Peter Signore think of it like sensory modalities. We still do have a highly intelligent model (the orchestrator), but instead of it just trying "model everything in its imagination" as LLMs do, it gets feedback and structure from a variety of more reliable submodels to actually understand what it's reviewing
Mike Pappas How do you know that they "want individual AI-powered solutions to specific tasks"? Seems like a reach (unless people have told you that directly in an interview). I feel like it may be more accurate to say: 1. They want AI to cost less (so they aren't worried about driving their bill through the roof -> see Jackson Oaks) 2. Give them faster responses (so they don't sit there staring at it wondering what to do in the meantime) 3. While still accurately and actually solving their problem (e.g. doing the task) There's a reason I use Opus for almost everything: I trust the response will actually be good and be a solution to my problem: good email, working software, etc. Personally I don't care in any way shape or form about "individual AI-powered solutions to specific tasks" I just want my "task" (problem) done (solved) for cheap. xD
I think your sales pitch is confusing even for an engineer. Not sure how this will work when I can have the same from llm models. Also deep seek as fallen behind and has disappeared from mainstream discussions.

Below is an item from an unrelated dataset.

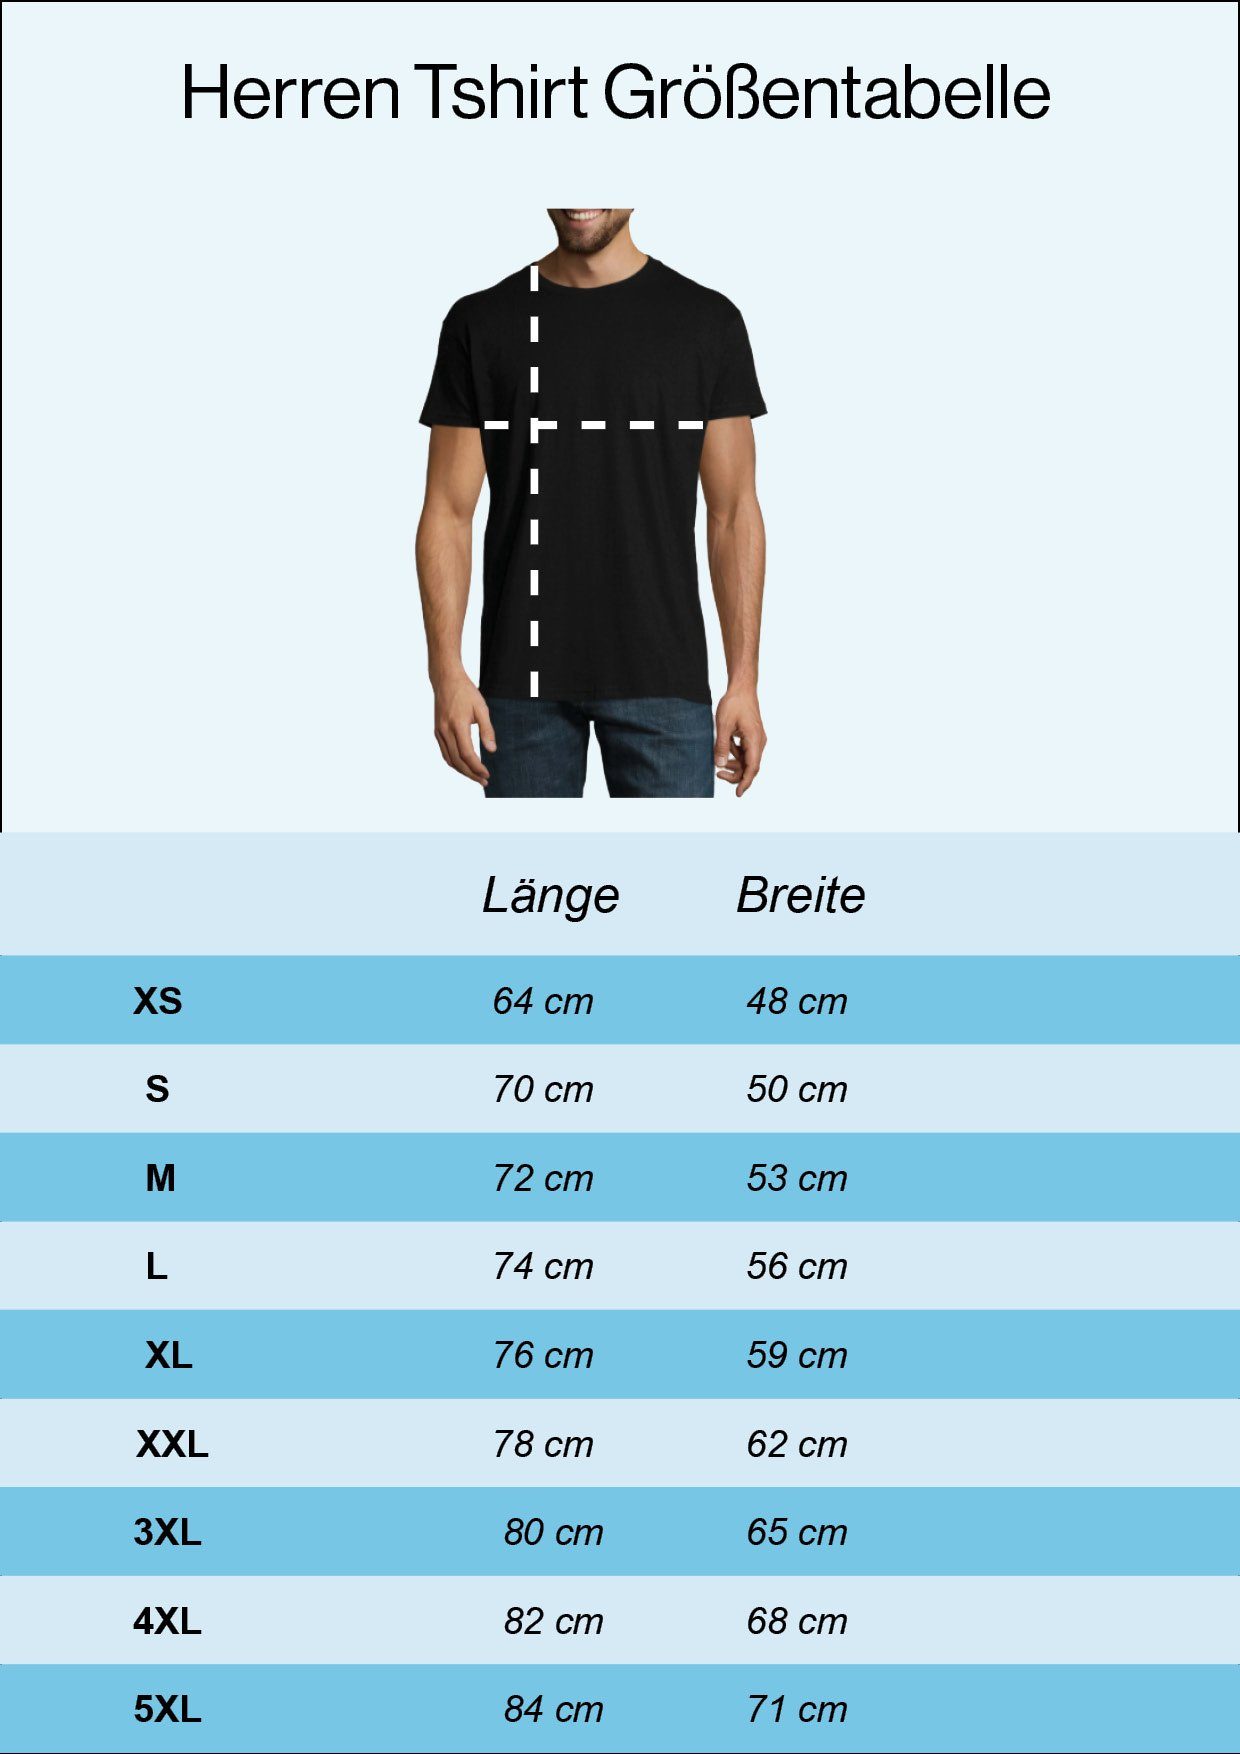 Youth Designz Erholen mit T-Shirt Das Sich Werkzeug Frontprint Handwerker Muss Shirt lustigem Navyblau Herren
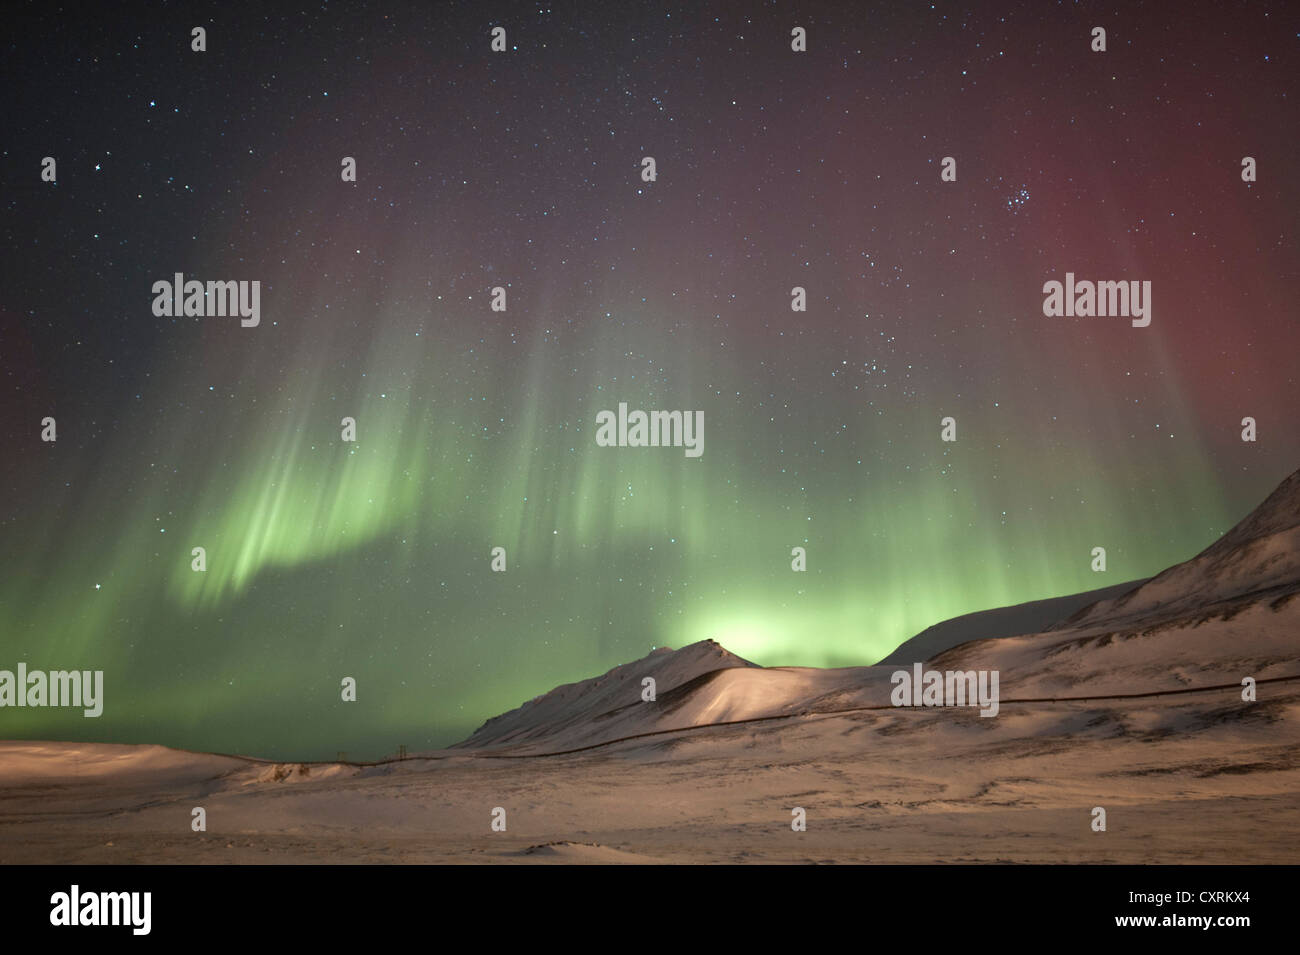 Grünes und rotes Polarlicht, Nordlicht, Aurora Borealis über eine verschneite Landschaft, Landschaft mit beleuchteten Stockfoto

Seems like this would benefit from something that I have been working on check out my paper and if it sounds like something that you would be interested in let me know. This could just as easily be used with otherI AI/ Learning models.
Will this "1% of the compute" use significantly less energy/electricity? The energy issue is out of control.
Duncan Huth After reading your site I'm SO impressed! Hopefully the environmental benefits are good because this could be huge!